A recent report concluded that “even if the genetic risk for progeny from older fathers is slightly increased, the risk to the individual is low”.9
But as our appreciation of the genetic contribution to disease risk develops it seems probable that, if the current trends in timing of fatherhood continue, the consequences at a population level may nevertheless be worth considering further. The adverse health outcomes discussed here should be weighed up against potential social advantages for children born to older fathers who are more likely to have progressed in their career and to have achieved financial security. For example, data from the national child development study show that young fathers are more likely to come from economically disadvantaged families and to have lower educational attainment21
; the labour force survey22
found increasing income with age for men up to their early 40s. Socioeconomic factors such as educational level and occupation are currently associated with many health outcomes. For example people from less affluent backgrounds are less likely to use prenatal care services23
but more likely to give birth to premature or low birthweight infants.24
However, potential social disadvantages of increased paternal age should also be considered, such as less energetic parents and decreased likelihood of the child benefiting from long term relationships with grandparents.

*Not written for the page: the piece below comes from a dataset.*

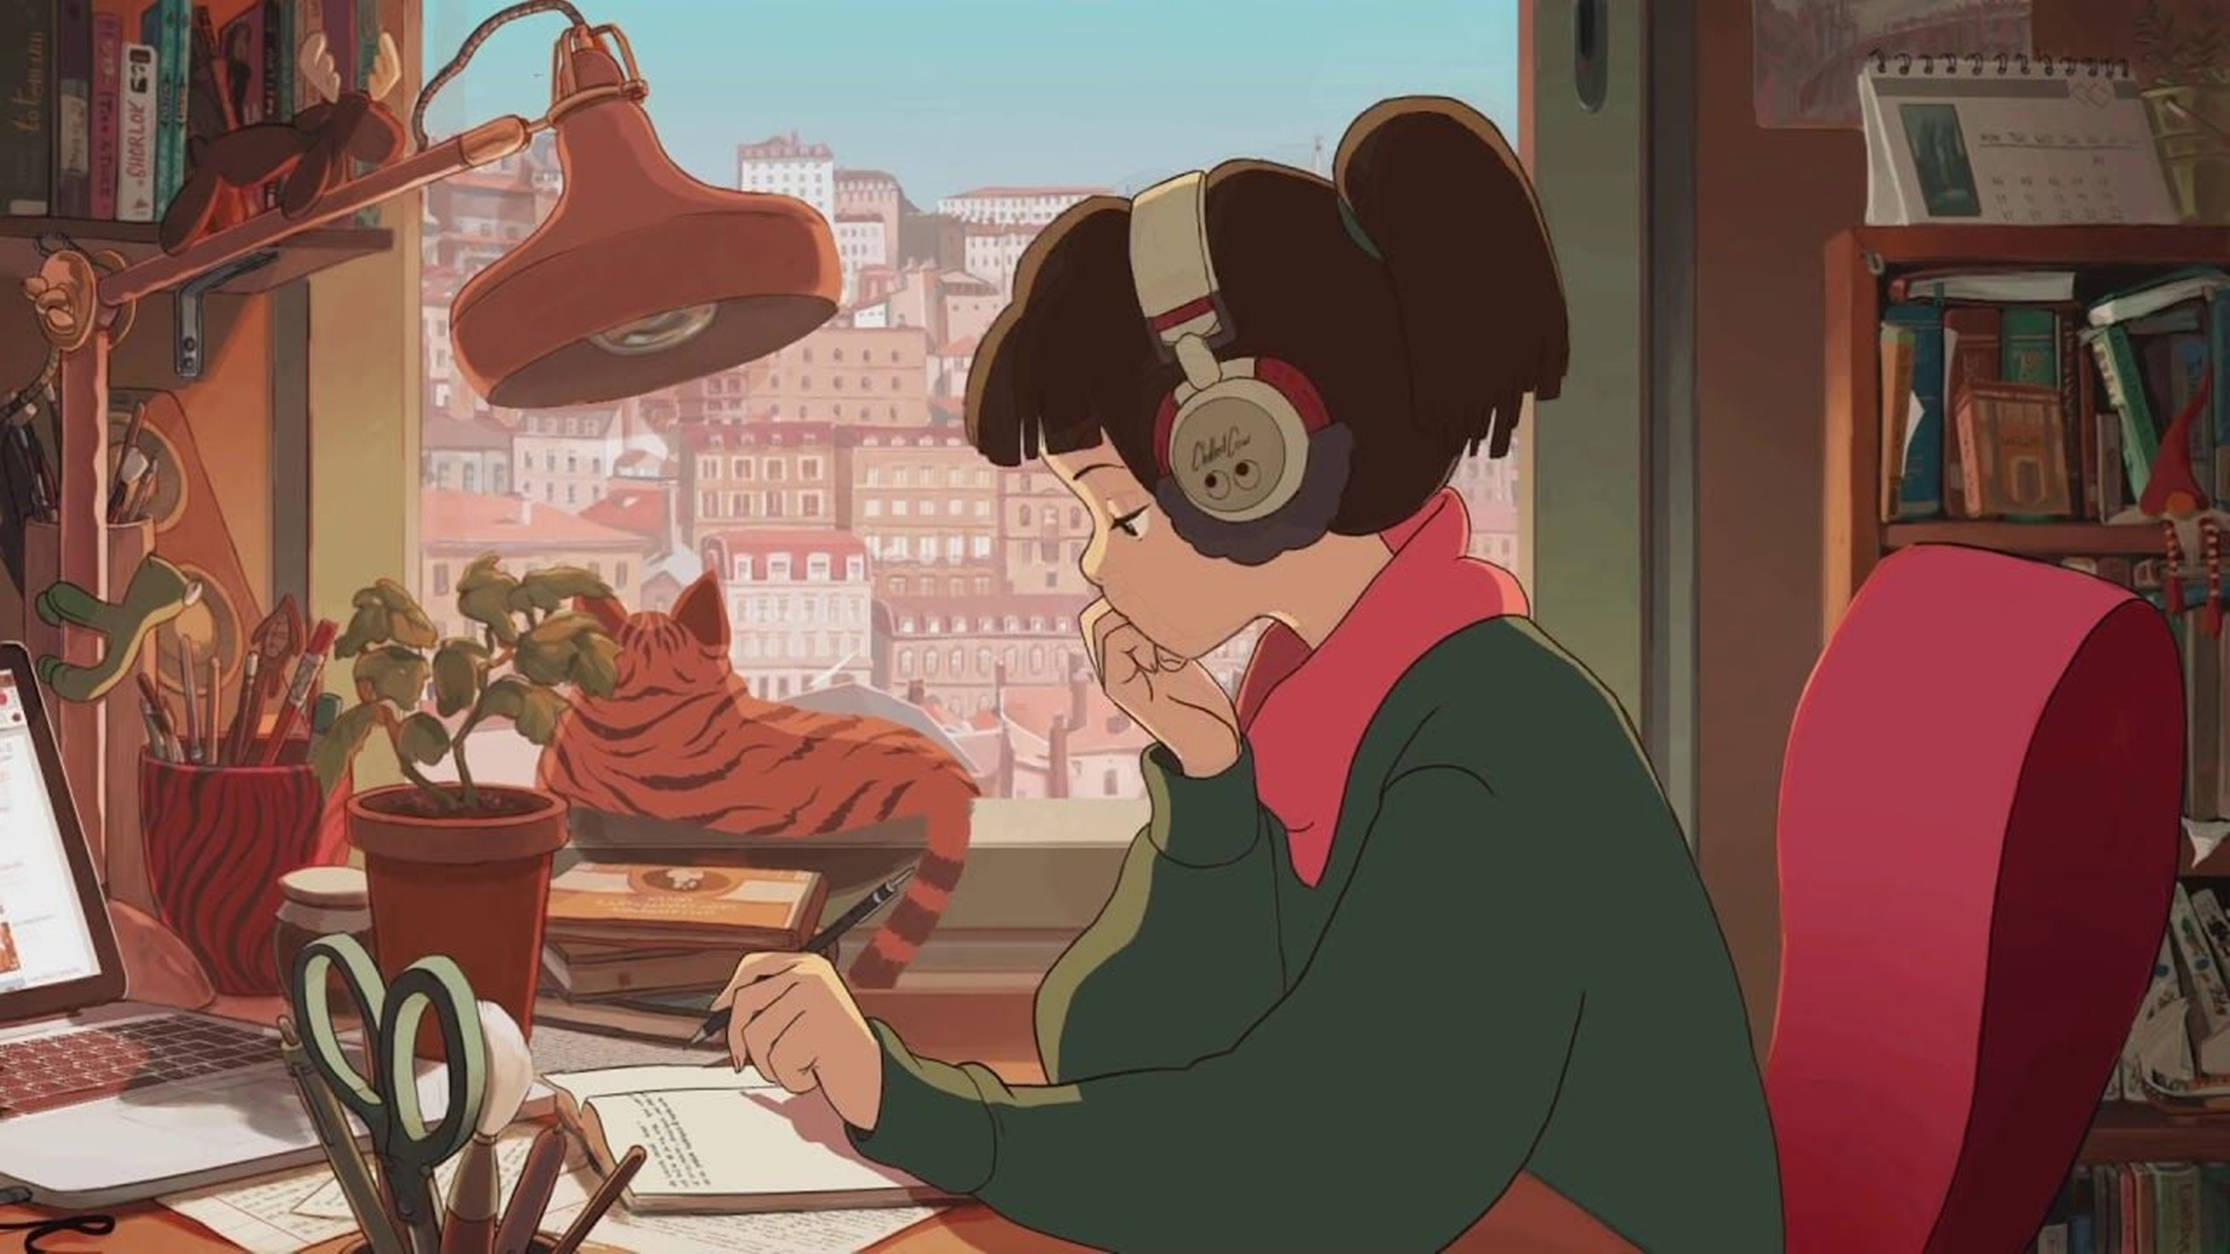 Lo Fi Anime Shizuku Ghibli Character

Furthermore, as it becomes more common for men to become parents in later adulthood, the current (relatively affluent) socioeconomic composition of older fathers will change, and therefore the relative socioeconomic advantages of having an older father are likely to diminish. An evaluation of various scenarios may help to determine an optimal period of fatherhood balancing the social and economic advantages for the offspring of delayed paternity against the corresponding small, but increasingly well reported, genetic disadvantages. Such an evaluation would inform policy. Possible interventions might include health promotion advising people about the risk of delaying childbearing or changes at a societal level (for example, family benefits, flexible working) that encourage couples to have children earlier rather than later.